Q2. What's the most common error in KanseiLink data?

For freee MCP (212 reports): 15 'api_error' (no breakdown — agents can't act), 4 'auth_expired' (with a verified workaround — agents self-recover). The contrast is the textbook lesson.

Q3. Why does adding 'retryable' save tokens?

Agents default to retrying on failure and burn tokens forever on 422-class errors. retryable: false lets them switch immediately to higher-level recovery. Industry reports describe a visible drop in token spend within a week of introduction.

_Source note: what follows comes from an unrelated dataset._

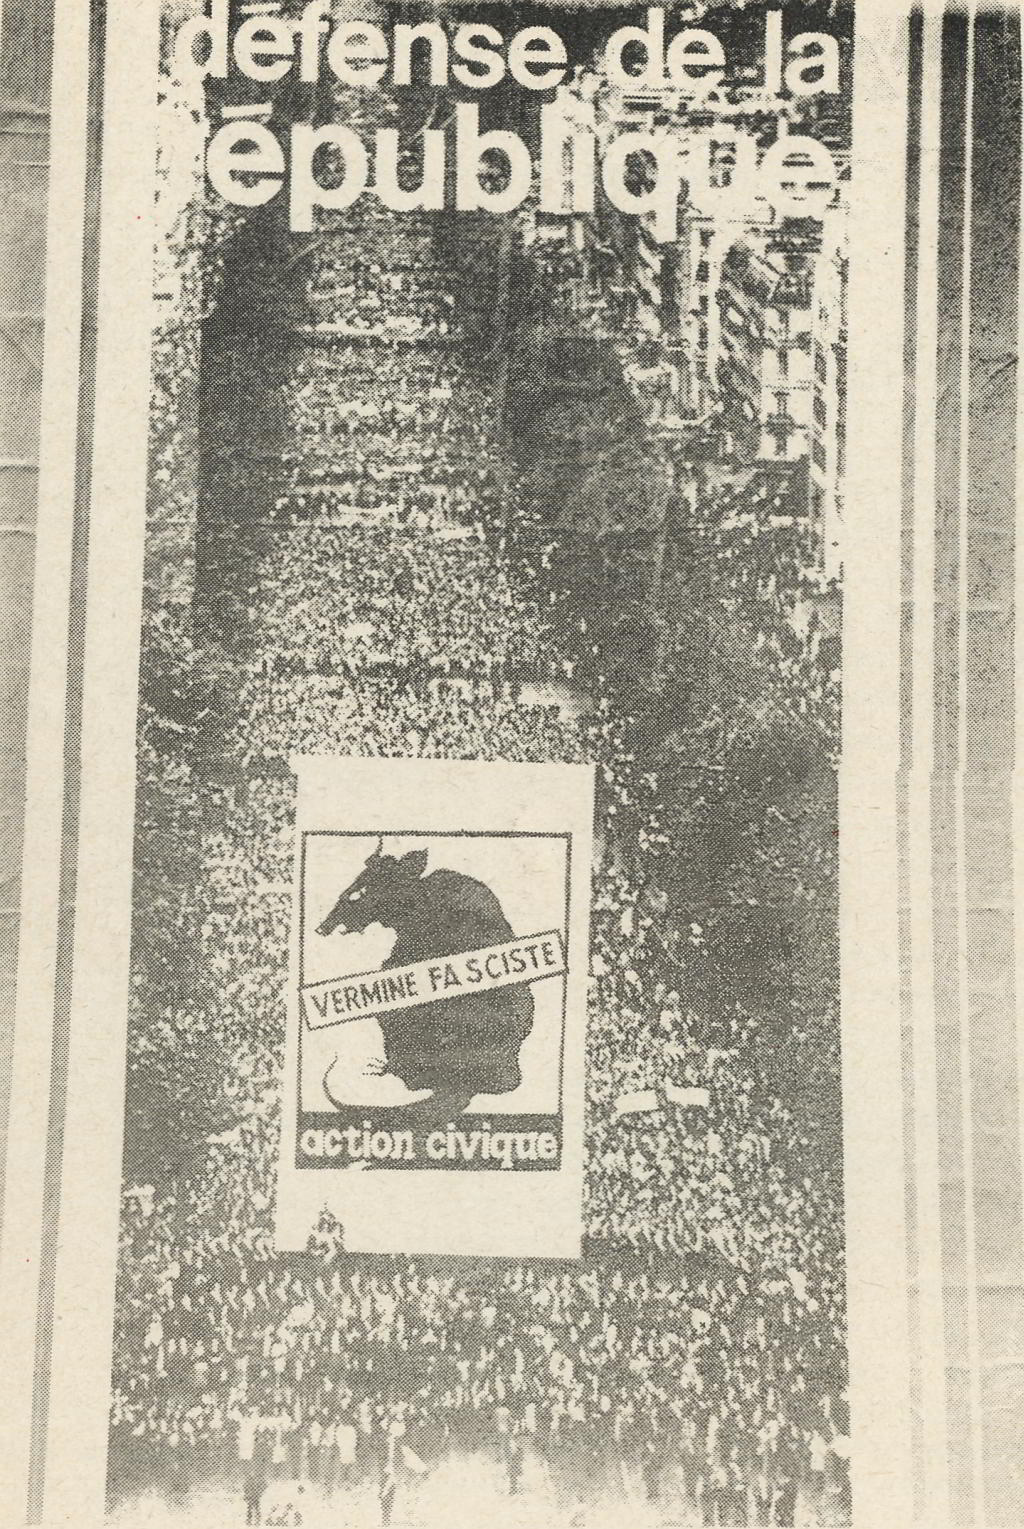 ”Forsvar republikken” lyder teksten på en af gaullisternes store valgplakater. Hertil har nogle svaret ved at sætte en plakat ovenpå med teksten: ”Borgerlig aktion, fascistisk pest”.

Q4. Do localised error messages work for agents?

Comprehension is fine; machine routing isn't. Recommended hybrid: error.code and error.field in stable English; error.message and error.user_message localised. Separate switch-cased fields from spoken-aloud fields.

Q5. What's the minimum bar for an MCP server's error responses?

Five fields: error.code (stable string), error.message (LLM-readable, 1–2 sentences), error.field, error.retryable (boolean), error.suggested_fix. Small implementation cost, high success-rate impact.

Q6. Does this apply to MCP servers wrapping legacy upstream APIs?

Yes — and it's a signature MCP win. Even if the upstream returns inconsistent shapes, normalise everything to a single envelope at the MCP boundary so agents see one clean error vocabulary across tools.

Disclosures and notes

The freee MCP figures ("212 reports, 15 api_error, 4 auth_expired") come from KanseiLink MCP's get_insights tool as of 2026-04-13; confidence_score is 0.61 (medium), and the distribution may shift as samples grow. The "perpetual 422 retry" and "missing first_name fix" examples come from publicly available industry write-ups including DEV.to ("Your API Wasn't Designed for AI Agents. Here Are 5 Fixes.") and Medium ("Handling HTTP Errors in AI Agents: Lessons from the Field"). The recommended envelope structure is a synthesis of Stripe, GitHub, and Anthropic SDK conventions extended for agent use cases — it is not a formal standard. Pricing and specifications may change without notice; please check the latest official documentation before relying on these figures in production.